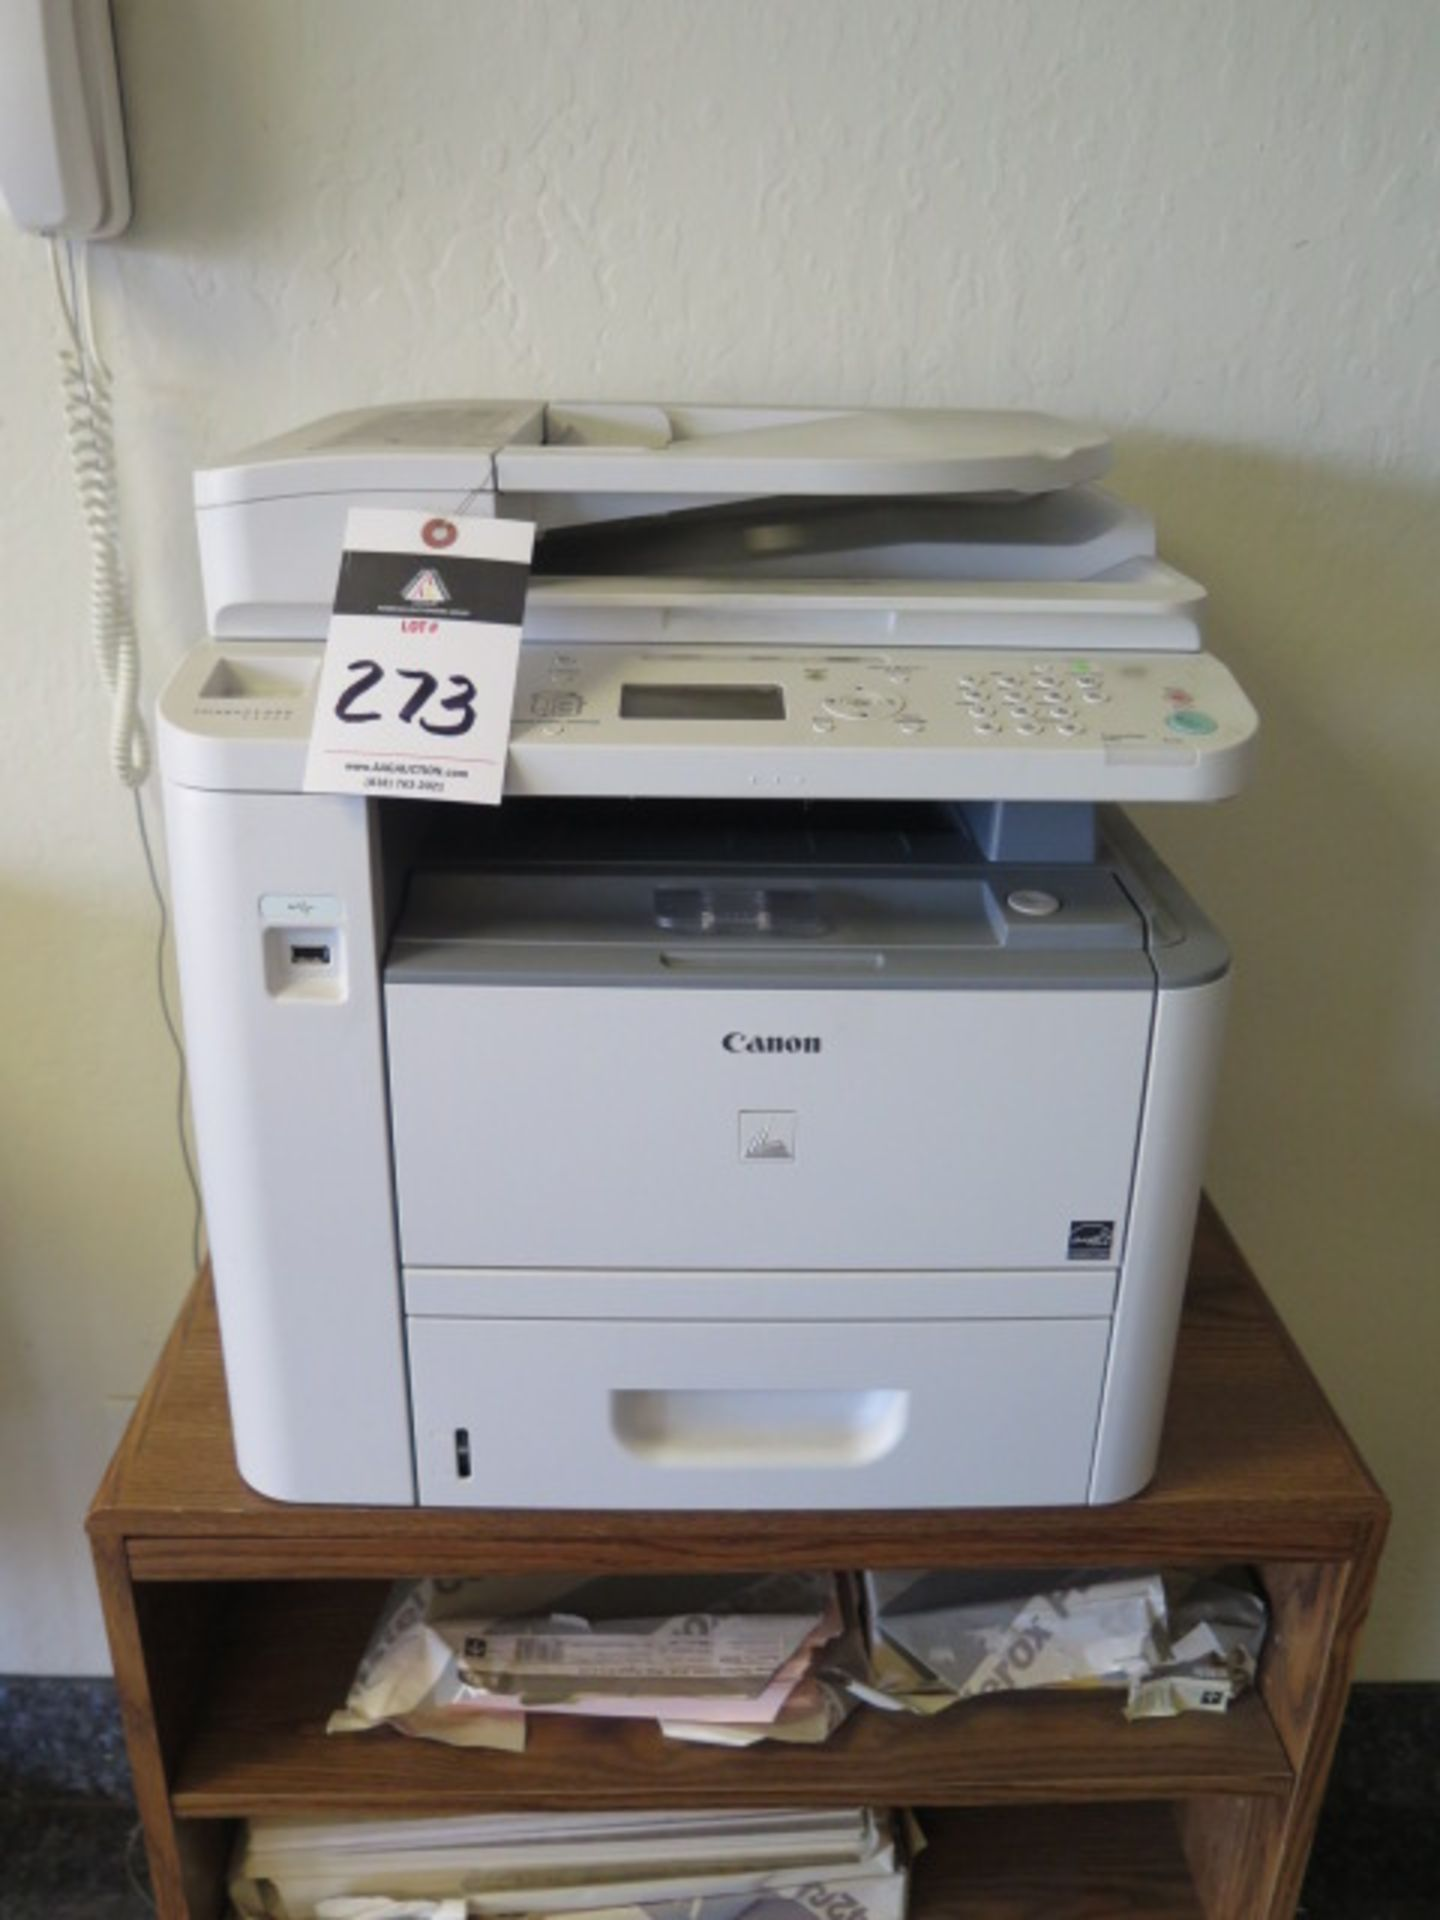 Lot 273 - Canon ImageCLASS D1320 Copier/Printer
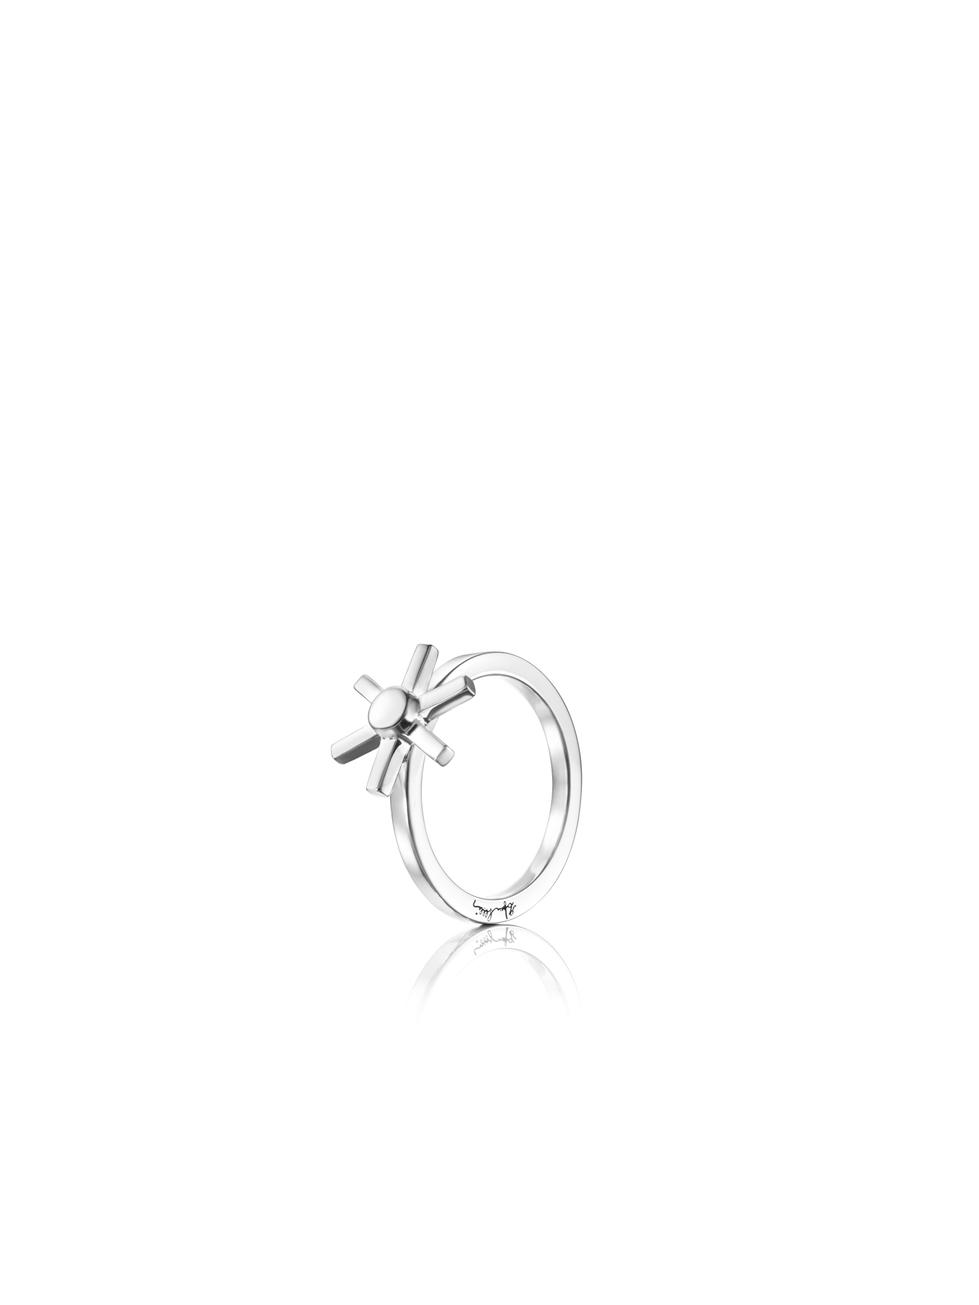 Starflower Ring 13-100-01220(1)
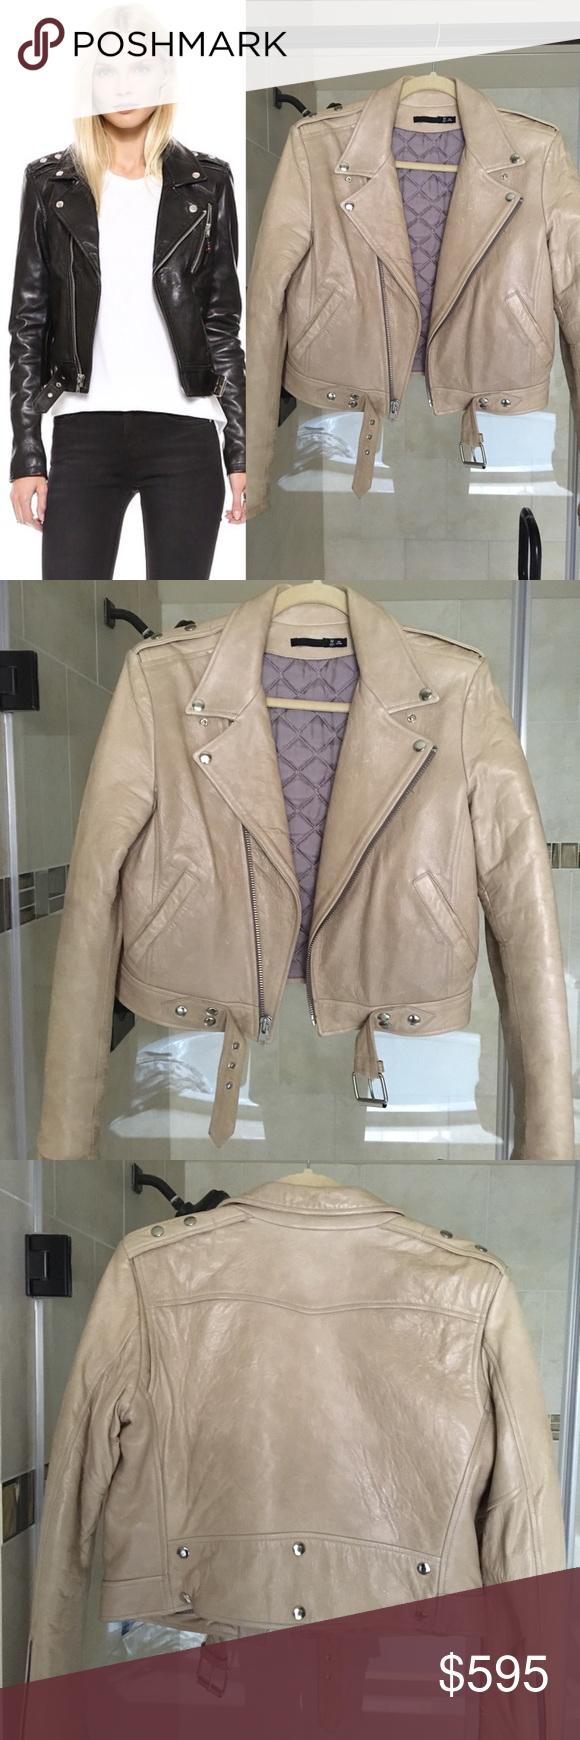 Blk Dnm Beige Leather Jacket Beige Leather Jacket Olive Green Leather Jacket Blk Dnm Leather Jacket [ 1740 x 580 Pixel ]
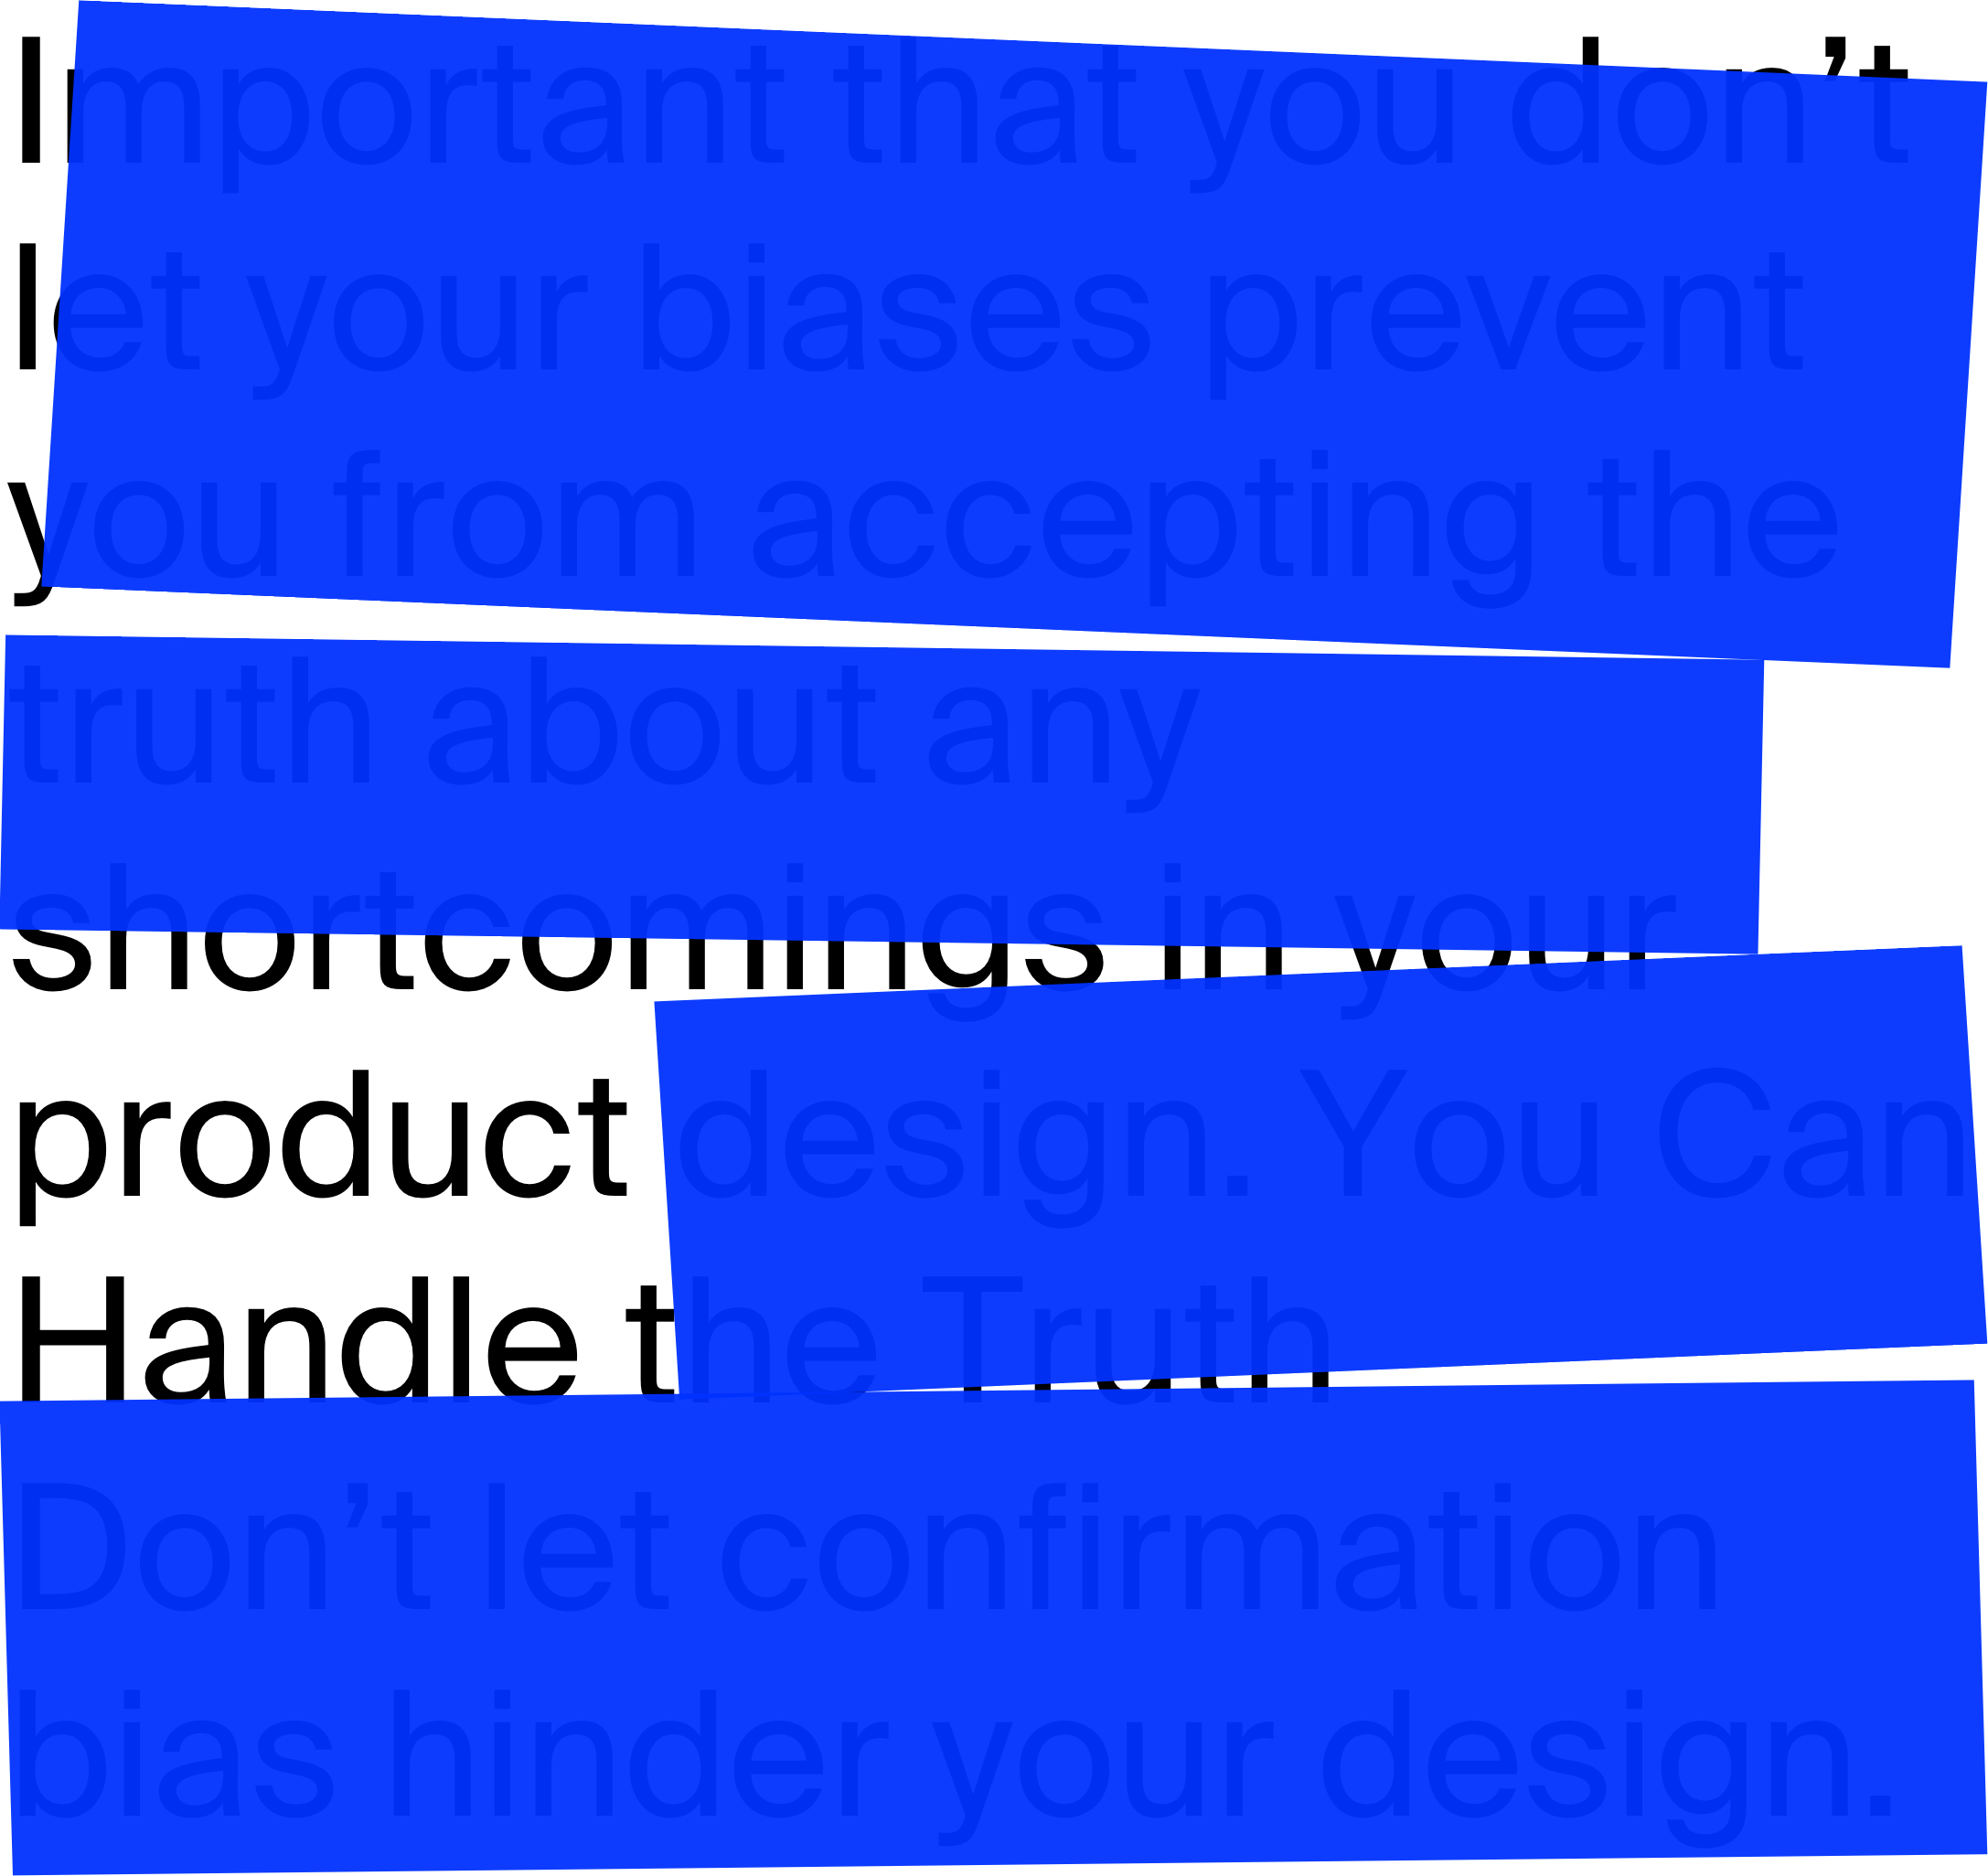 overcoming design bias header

> [TO DO]: Your answer should consist solely of the lines from the one holding "Starflower Ring 13-100-01220(1)" through the end of the listing, reproduced exactly and without pictures.

> [SOLUTION]:
 Starflower Ring 13-100-01220(1)
 Blk Dnm Beige Leather Jacket Beige Leather Jacket Olive Green Leather Jacket Blk Dnm Leather Jacket [ 1740 x 580 Pixel ]
 overcoming design bias header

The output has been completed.